The Task Force identified four major areas of focus for its research and recommendations: industry, education and government partnerships; capacity building; career advising; and communications. From those areas the Task Force developed nine recommendations for the Governor and the Workforce Development Council, along with associated short-term and long-term actions and anticipated outcomes.

1. Workforce Development Council and Industry Partnerships – Increase the role and responsibilities of an industry-driven Workforce Development Council to champion the development and implementation of a statewide, strategic workforce development plan that meets industries' needs today and tomorrow.

2. Workforce Development Training Fund – Establish a sustainable funding mechanism for the Workforce Development Training Fund.

3. Public Engagement – Develop and implement a comprehensive statewide public engagement initiative utilizing technology and other engagement strategies to increase awareness of career opportunities for all Idahoans.

4. Connecting Education to Careers – Idaho's K-through-Career education system should value and support all pathways for students to achieve education, training and workforce skills that align to their career aspirations.

5. Workforce Training Centers and Adult Training Support – Enhance support for Idaho's six Workforce Training Centers and the individuals they serve with short-term, industry-focused training.

6. Strengthen Career Advising – Ensure that there is equity and access for all Idaho students to occupational pathways by establishing stronger requirements for the secondary education system in deploying college and career advising.

7. Workforce Readiness – Incentivize Idaho school districts to incorporate workforce readiness skills throughout secondary curricula.

8. Apprenticeships – Continue the development of apprenticeship programs throughout the state.

9. Expand Career and Technical Education Programs – Strengthen Idaho's talent pipeline by expanding CTE (career and technical education) programs at the secondary and postsecondary levels.

As a next step, the Governor will soon be appointing a transition team to develop a model for reorganizing the Workforce Development Council (WDC). The goal is to enable the WDC, by centralizing and increasing its authority, to “effectively coordinate industry-driven workforce development efforts among state agencies and educational institutions.”

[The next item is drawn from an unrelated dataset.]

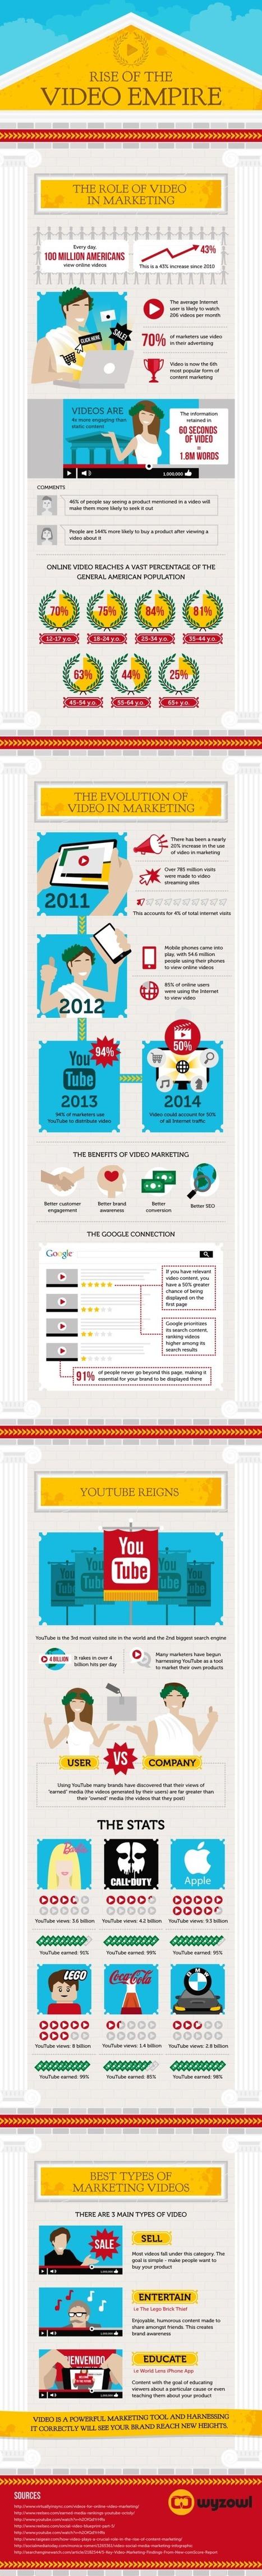 Infographic: The Rise of Video Marketing - Marketing Technology Blog | #TheMarketingTechAlert | Social Medial Marketing | Scoop.it
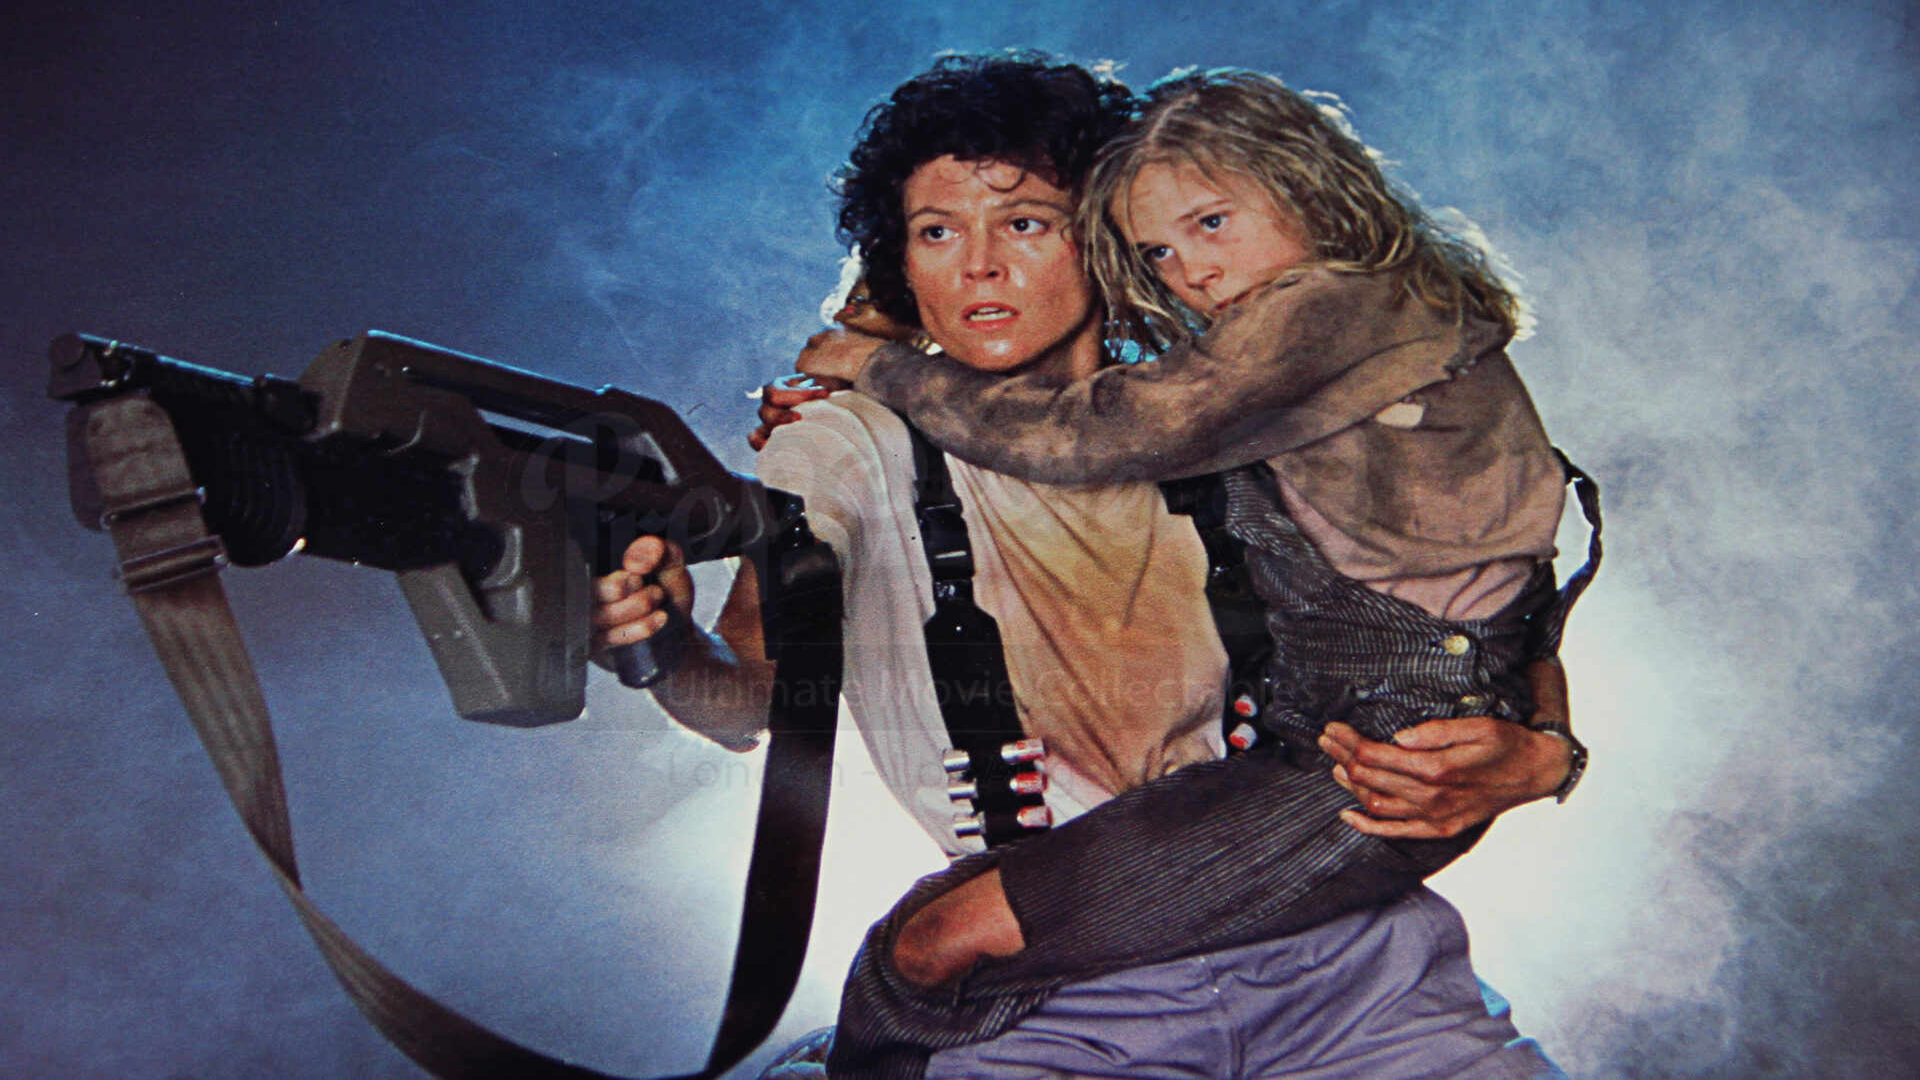 Sigourney-Weaver-Aliens-ellen-ripley-and-newt

Additional steps will include drafting a new executive order reflecting the organizational changes developed by the transition team and reviewing agency budget requests for the next fiscal year related to workforce development and career and technical education. Legislation also will be drafted for consideration by the 2018 session of the Idaho Legislature to make the WDC and Workforce Development Training Fund more flexible and aligned with needs identified by the Task Force.